Depuis plus de 15 ans, le Pr Benoît Kabamba-Mukadi, responsable du pôle de microbiologie médicale de l’Institut de recherche expérimentale et clinique et du laboratoire de référence SIDA de l’UCLouvain, mène des recherches sur le virus de l’immunodéficience humaine ou VIH. Dernièrement, l’UCLouvain a fait l’acquisition d’un équipement de pointe capable de mieux détecter les mutations du VIH. Une première en Belgique !
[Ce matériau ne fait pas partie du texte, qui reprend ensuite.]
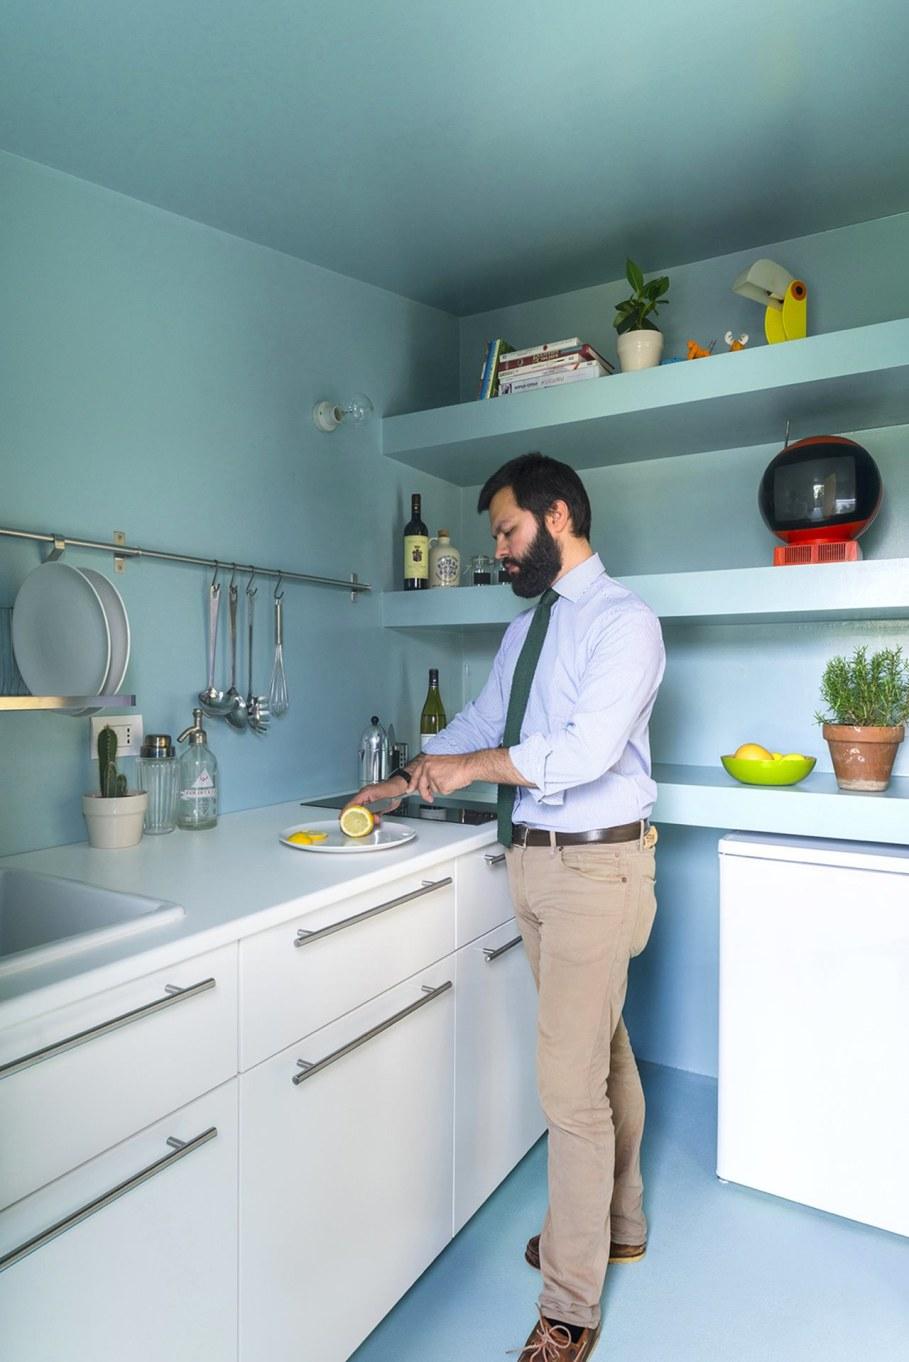 OCS Batipin Flat Transformer Apartment In Milan - Kitchen
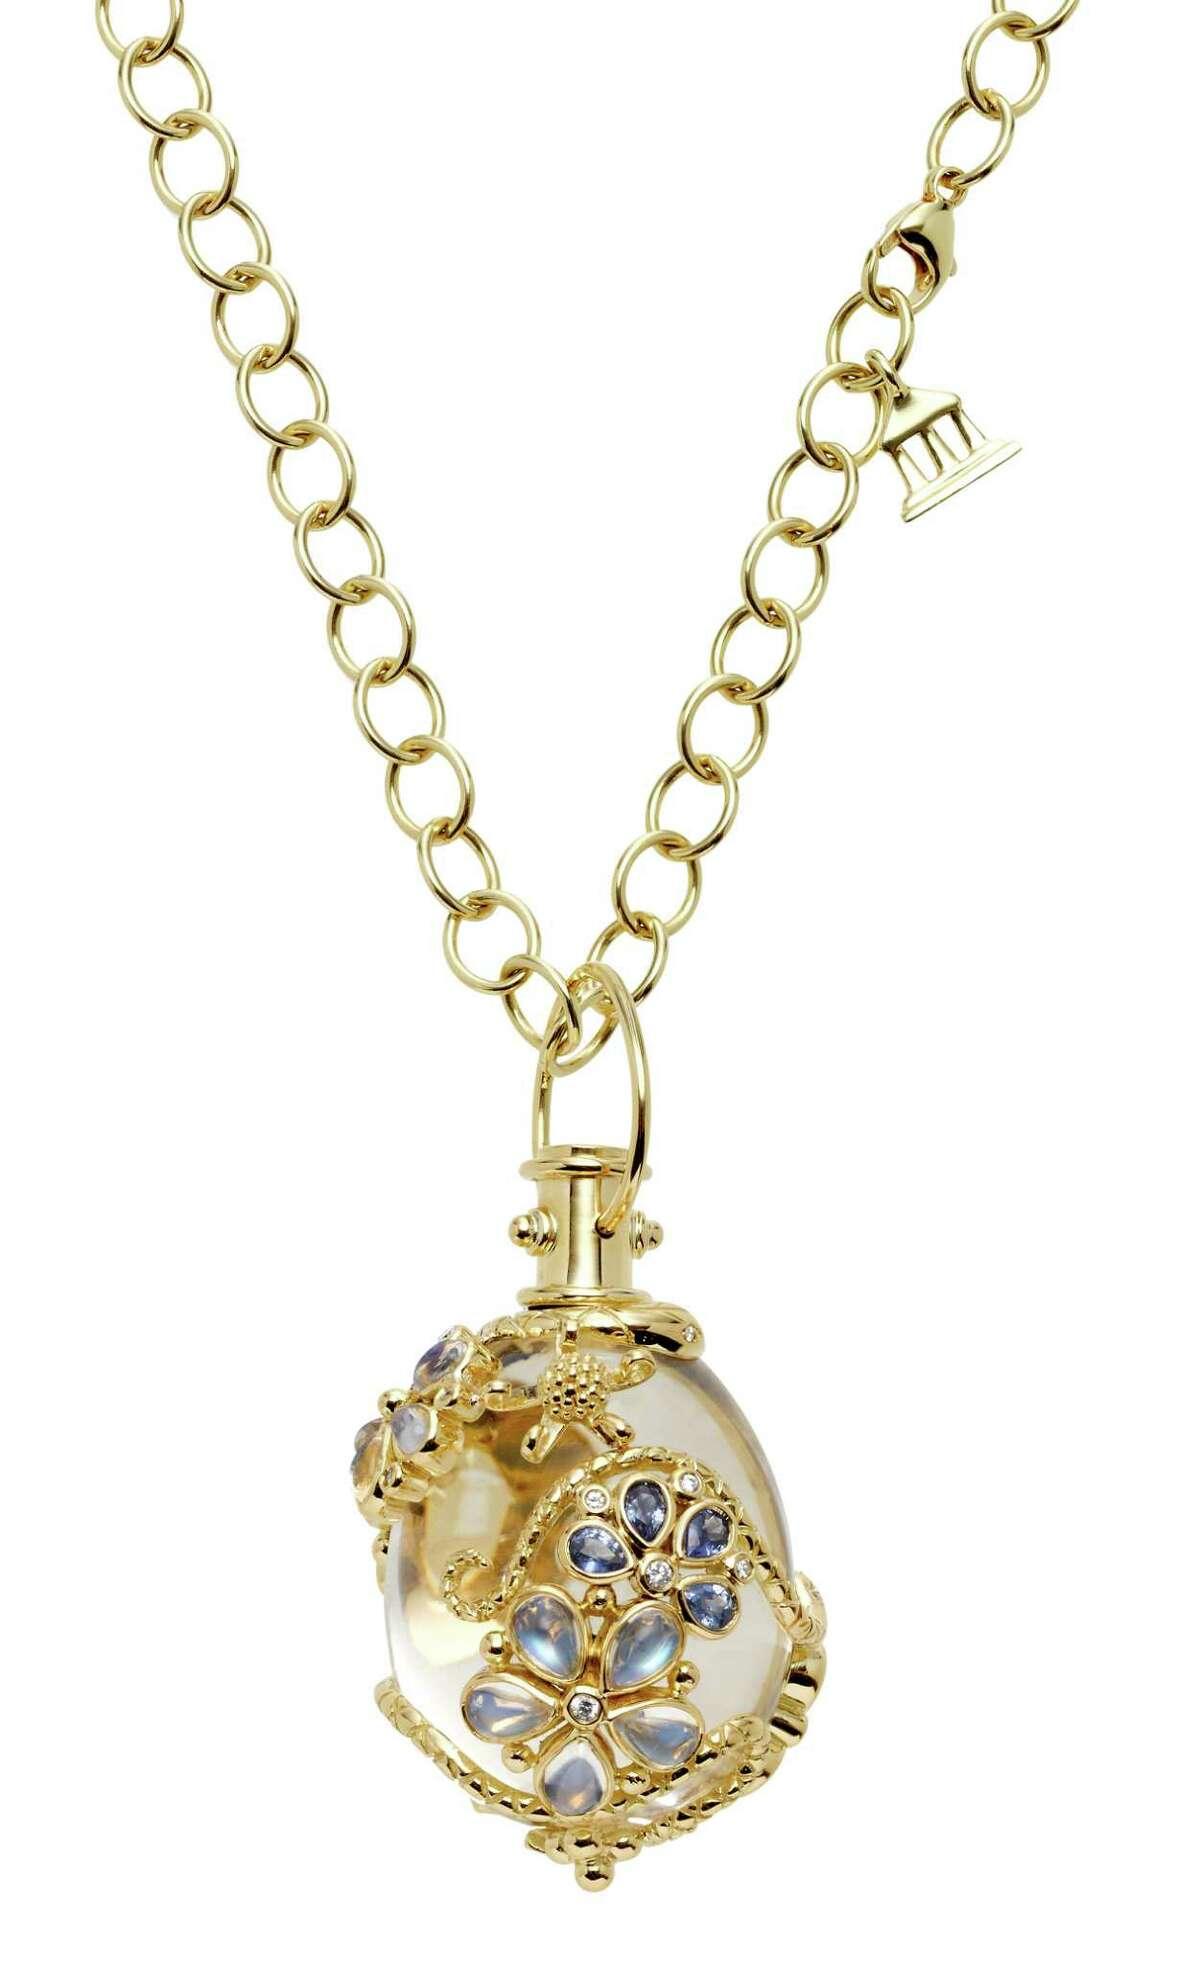 18K Flower Serpent Amulet with rock crystal, royal blue moonstone, blue sapphire, tsavorite and diamondbyTemple St. Clair, $19,500, at Saks Fifth Avenue and Deutsch & Deutsch

Aujourd’hui, le SIDA est une maladie chronique pour laquelle il existe des traitements efficaces. Toutefois, il n’est actuellement pas possible d’éradiquer complètement le VIH de l’organisme des patients contaminés. Afin de traiter la maladie, une trilogie de données est à prendre en compte : médicament, patient, virus. Les médicaments actuels (trithérapie) associent au moins deux molécules antivirales de classes différentes. Cependant, même s’ils sont opérants, leurs effets secondaires peuvent être sévères. Certaines interactions avec d’autres médicaments sont à éviter et des précautions particulières sont à prendre pour les femmes enceintes ou qui souhaitent l’être. Le traitement doit donc être adapté en fonction de ces paramètres. Quant aux virus, ils ne restent pas inactifs, certains mutent et deviennent résistants à ces médicaments. Afin d’aller plus loin dans ses recherches, le Pr Kabamba-Mukadi et son équipe ont bénéficié, en 2019, du legs de Madame Gallet dont la volonté était de soutenir la recherche contre le SIDA. En effet, jusqu’à présent aucune étude n’a évalué l’impact clinique des mutations de résistance au sein de l’ADN proviral sur l’activité potentielle des médicaments antirétroviraux.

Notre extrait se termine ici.